Joanne Woodward
Joanne Gignilliat Trimmier Woodward (born February 27, 1930) is an American retired actress. She made her career breakthrough in the 1950s and earned esteem and respect playing complex women with a characteristic nuance and depth of character.[1] Her accolades include an Academy Award, three Primetime Emmy Awards, a British Academy Film Award, three Golden Globe Awards, and a Screen Actors Guild Award. She is the oldest living Best Actress Oscar-winner.
Not to be confused with Joan Woodward or Joanna Woodward (actress).
Joanne Woodward
Woodward is perhaps best known for her performance as a woman with dissociative identity disorder in The Three Faces of Eve (1957), which earned her an Academy Award for Best Actress and a Golden Globe Award for Best Actress in a Motion Picture – Drama. She is the widow of actor Paul Newman, with whom she often collaborated either as a co-star, or as an actor in films directed or produced by him. In 1960, she became the first person to receive a star on the Hollywood Walk of Fame.[2] In 1990, Woodward earned a bachelor's degree from Sarah Lawrence College at age 60, graduating alongside her daughter Clea.[3]
Early life[edit]
Joanne Gignilliat Trimmier Woodward was born on February 27, 1930, in Thomasville, Georgia, the daughter of Elinor (née Trimmier) and Wade Woodward, Jr., who was vice president of publishing company Charles Scribner's Sons.[4] Her middle names, "Gignilliat Trimmier", are of Huguenot origin.[5] She was influenced to become an actress by her mother's love of film.[5] Her mother named her after Joan Crawford.[5] She has an older brother, Wade, Jr.[6]
Attending the premiere of Gone with the Wind in Atlanta, nine-year-old Woodward rushed into the parade of stars and sat on the lap of Laurence Olivier, star Vivien Leigh's partner.

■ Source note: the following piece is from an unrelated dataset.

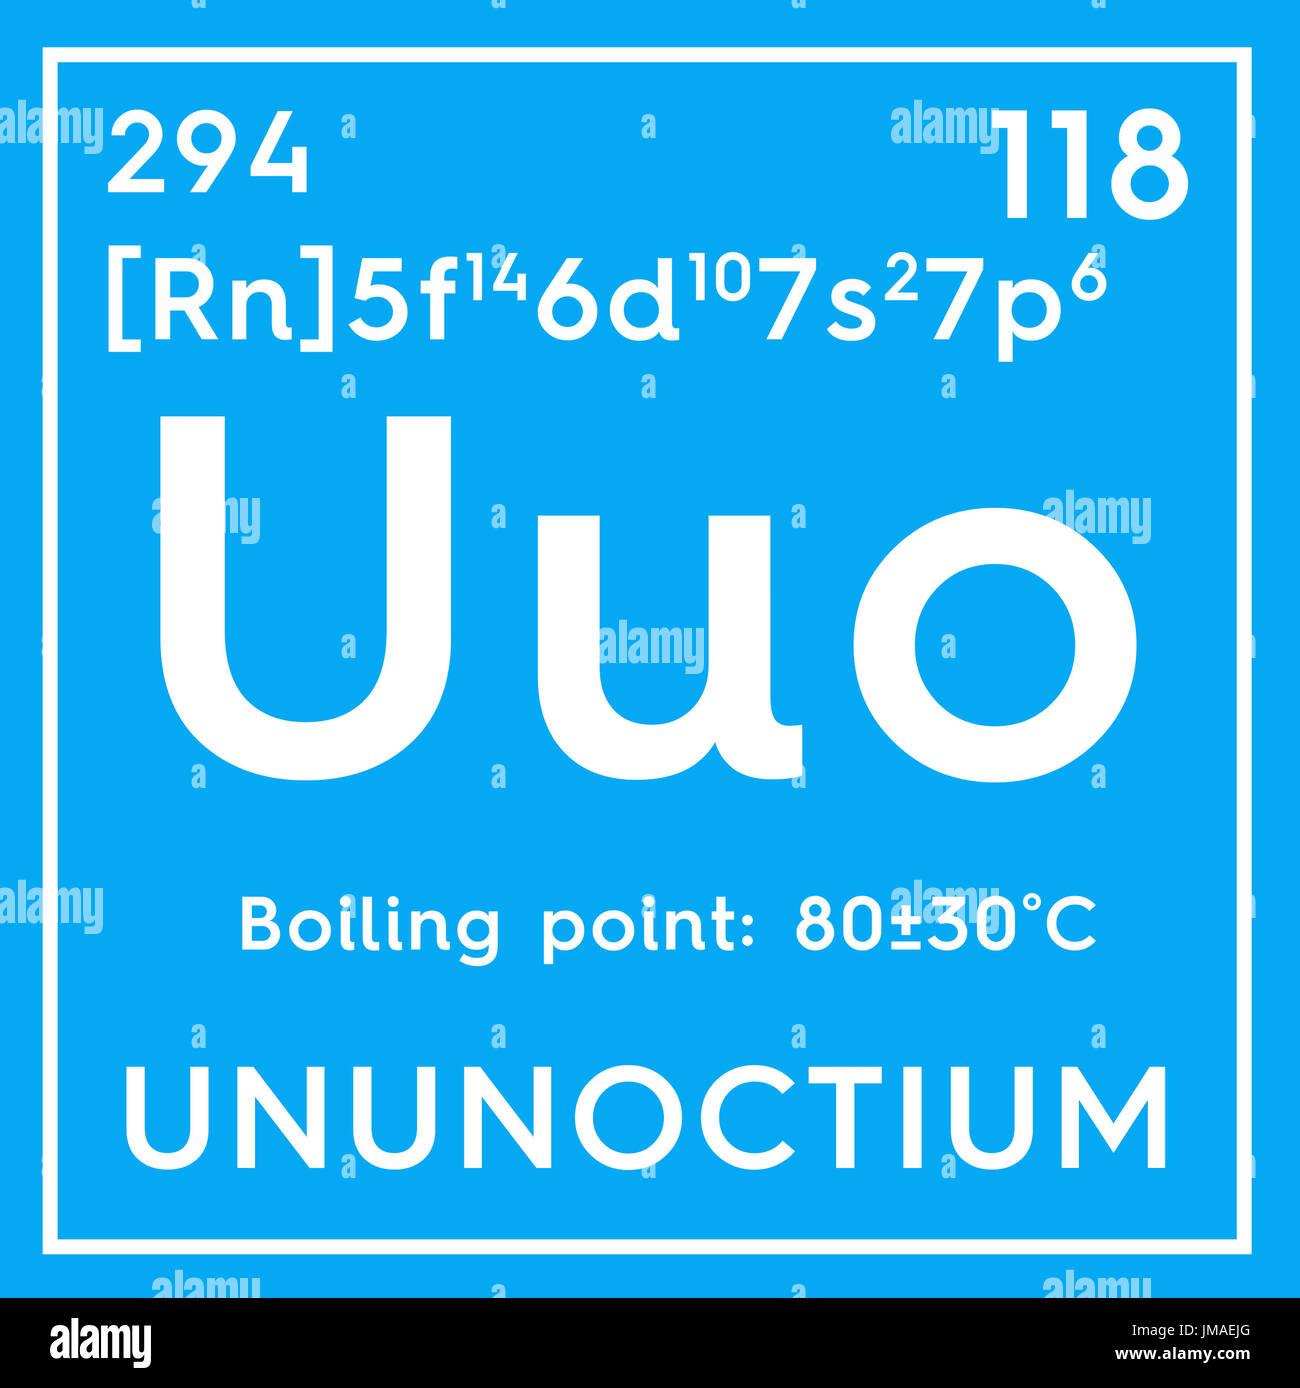 Ununoctium los gases nobles elemento qumico de la tabla peridica ununoctium los gases nobles elemento qumico de la tabla peridica de mendeleyev en ununoctium square cube concepto creativo urtaz Choice Image

She eventually worked with Olivier in 1977 in a television production of Come Back, Little Sheba. During rehearsals, she mentioned this incident to him, and he told her he remembered.[5]
Woodward lived in Thomasville, then lived in Blakely and Thomaston before her family relocated to Marietta, Georgia, where she attended Marietta High School. She remains a supporter of Marietta High School and of the city's Strand Theater.[7]
The family moved once again to Greenville, South Carolina, when she was a junior in high school, after her parents divorced.[5] She attended and graduated from Greenville High School. She also performed at Greenville's Little Theater.[8]
Woodward majored in drama at Louisiana State University, where she was an initiate of Chi Omega sorority, then headed to New York City to perform on the stage.[5] There, she studied at the Actors Studio and also studied under Sanford Meisner in the Neighborhood Playhouse School of the Theatre.[9][10]